A study funded by the Bill and Melinda Gates Foundation found drinking alcohol in moderation is more harmful than previously thought. The study concludes there's no "safe" level of alcohol consumption.

The study analyzed information from millions of people in nearly 200 countries and found that alcohol is tied to nearly 3 million deaths globally each year, with about 1 in 10 deaths linked to alcohol use. Furthermore, any protective health effects of alcohol were offset by the drink's risk, including between alcohol consumption and risk of cancer and injuries such as from car accidents.

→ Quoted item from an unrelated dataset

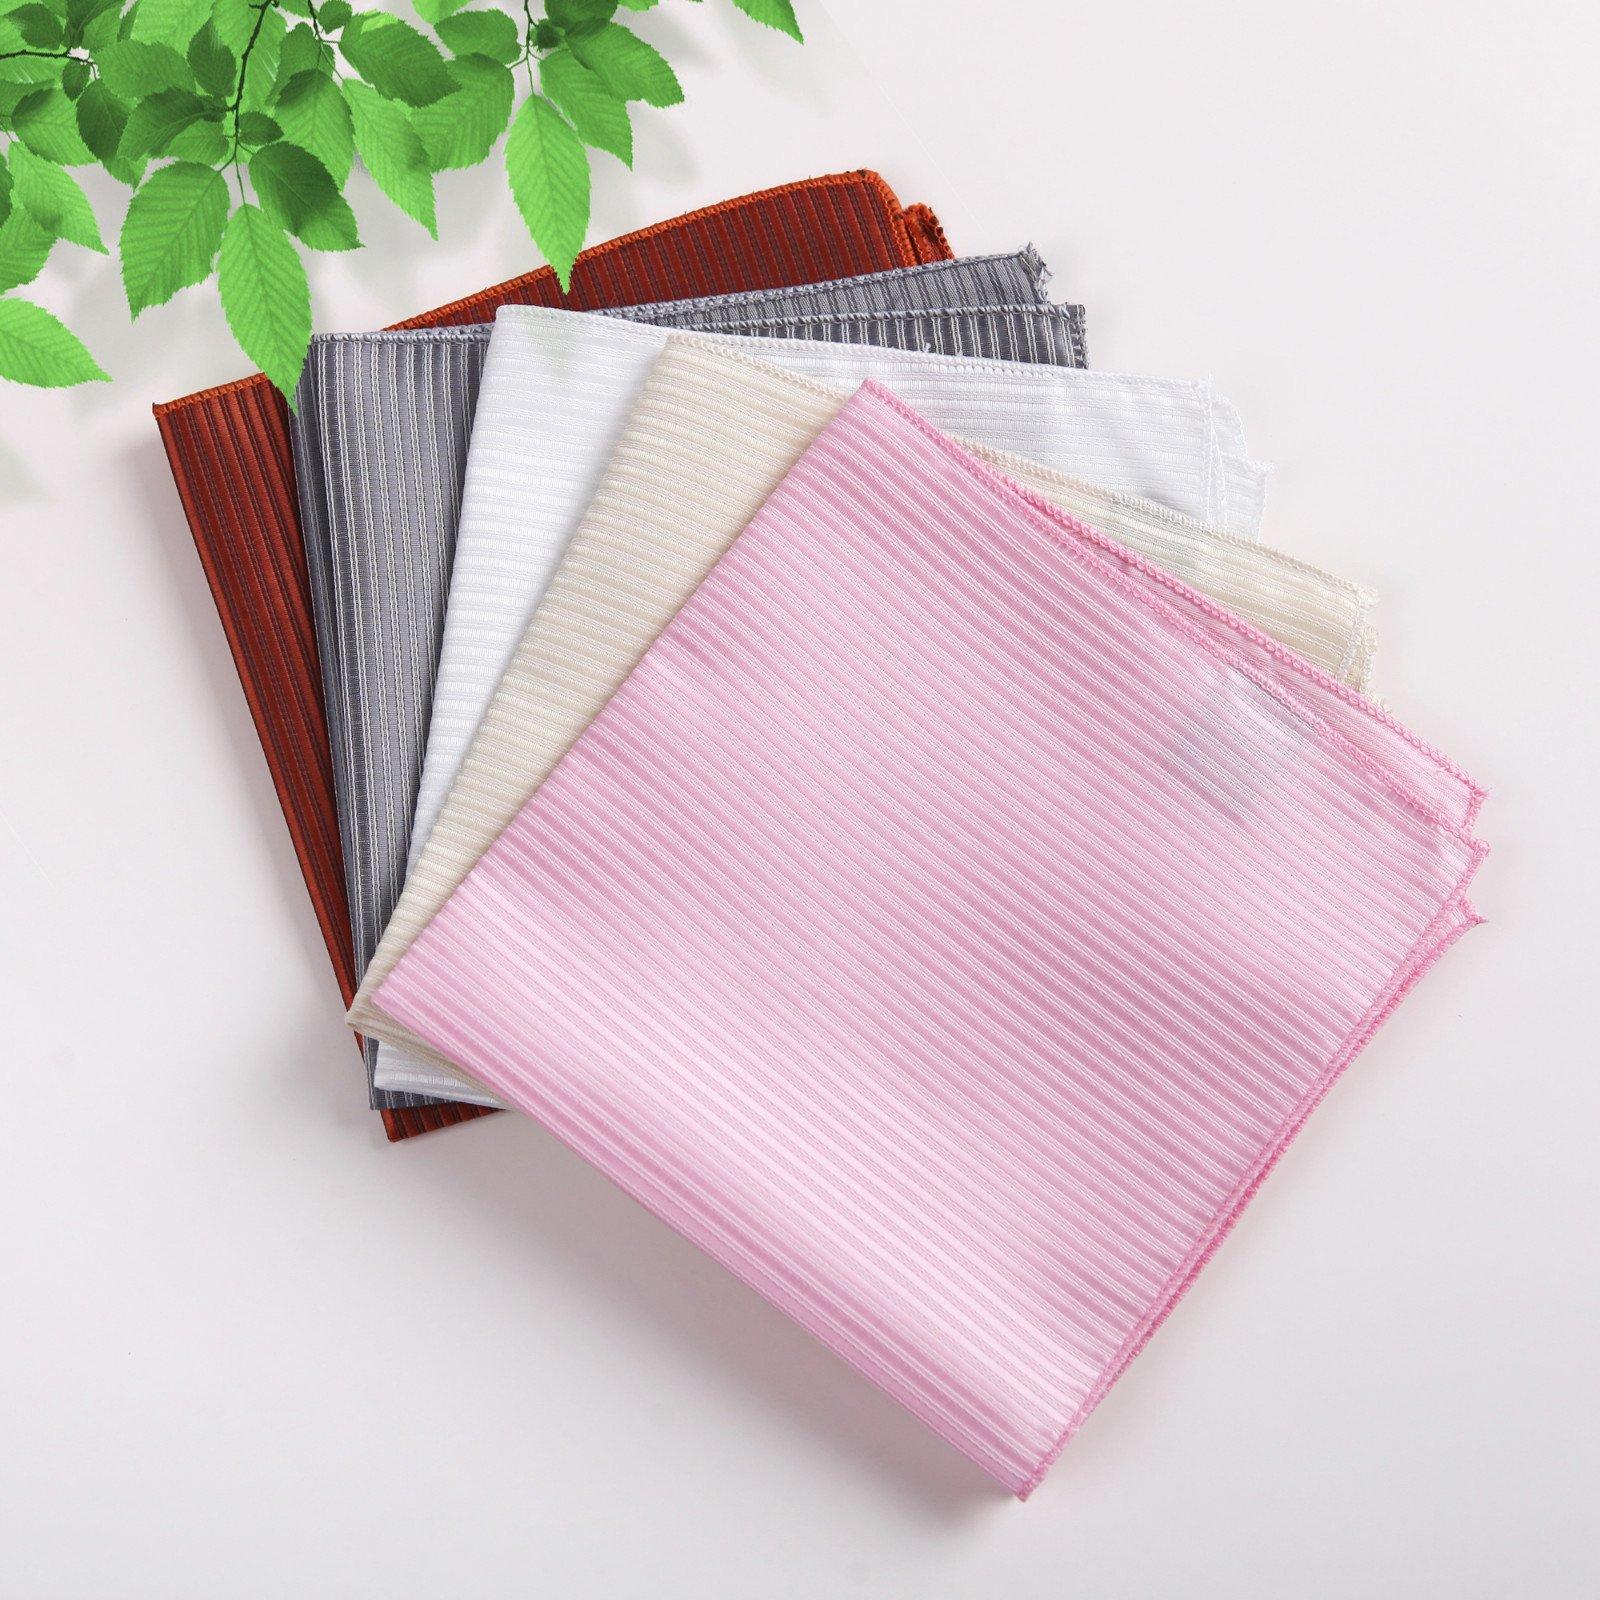 DEIA0004 Designer Stripes Microfiber Birthday Gifts for Mens Hanky Set 5 Hankerchiefs Set-Pink, Dark Orange, Grey, Beige, White By Dan Smith by Dan Smith (Image #2)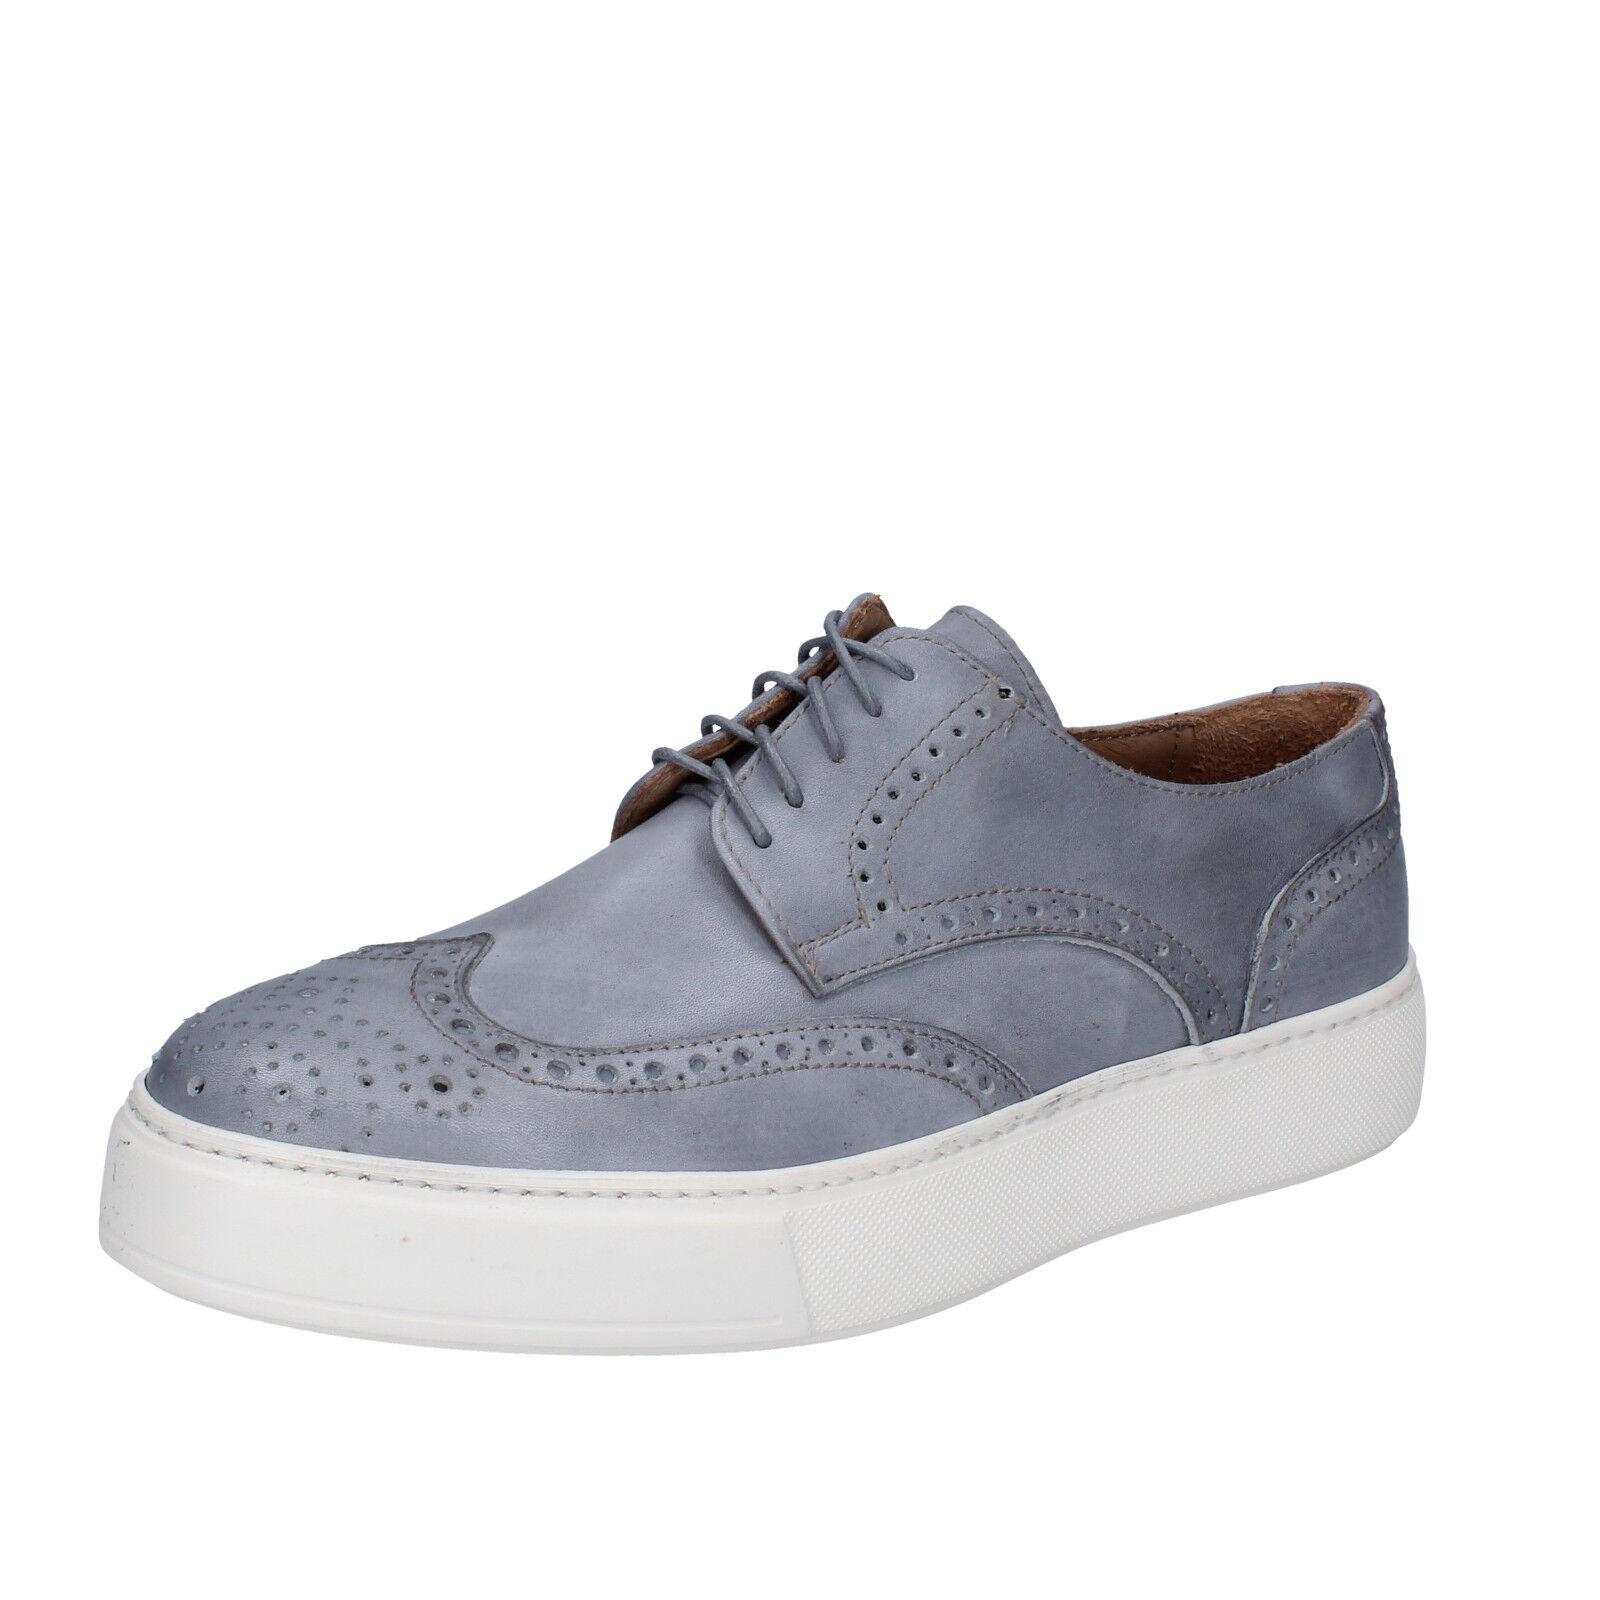 da da da Uomo Di Mella 40 UE Elegante scarpe da ginnastica grigio in pelle ab931-b 4e81c0

"The widely held view of the health benefits of alcohol needs revising," the researchers wrote in their paper published in the The Lancet. "Our results show that the safest level of drinking is none." The study analyzed information from nearly 700 previous studies to estimate how common drinking alcohol is worldwide, including a total of 28 million people to investigate the health risks tied to alcohol.

The researchers found that globally 1 in 3 people (32.5 percent) drink alcohol, which is equivalent to 2.4 billion people, and that drinking alcohol was the seventh leading risk factor for early death in 2016 worldwide. Researchers said that public health campaigns should consider recommending abstinence from alcohol.

The Lancet called the work the "most sophisticated global study of the impact of alcohol on human health ever conducted." The study confirms that alcohol is one of the world's leading causes of disability, disease and death.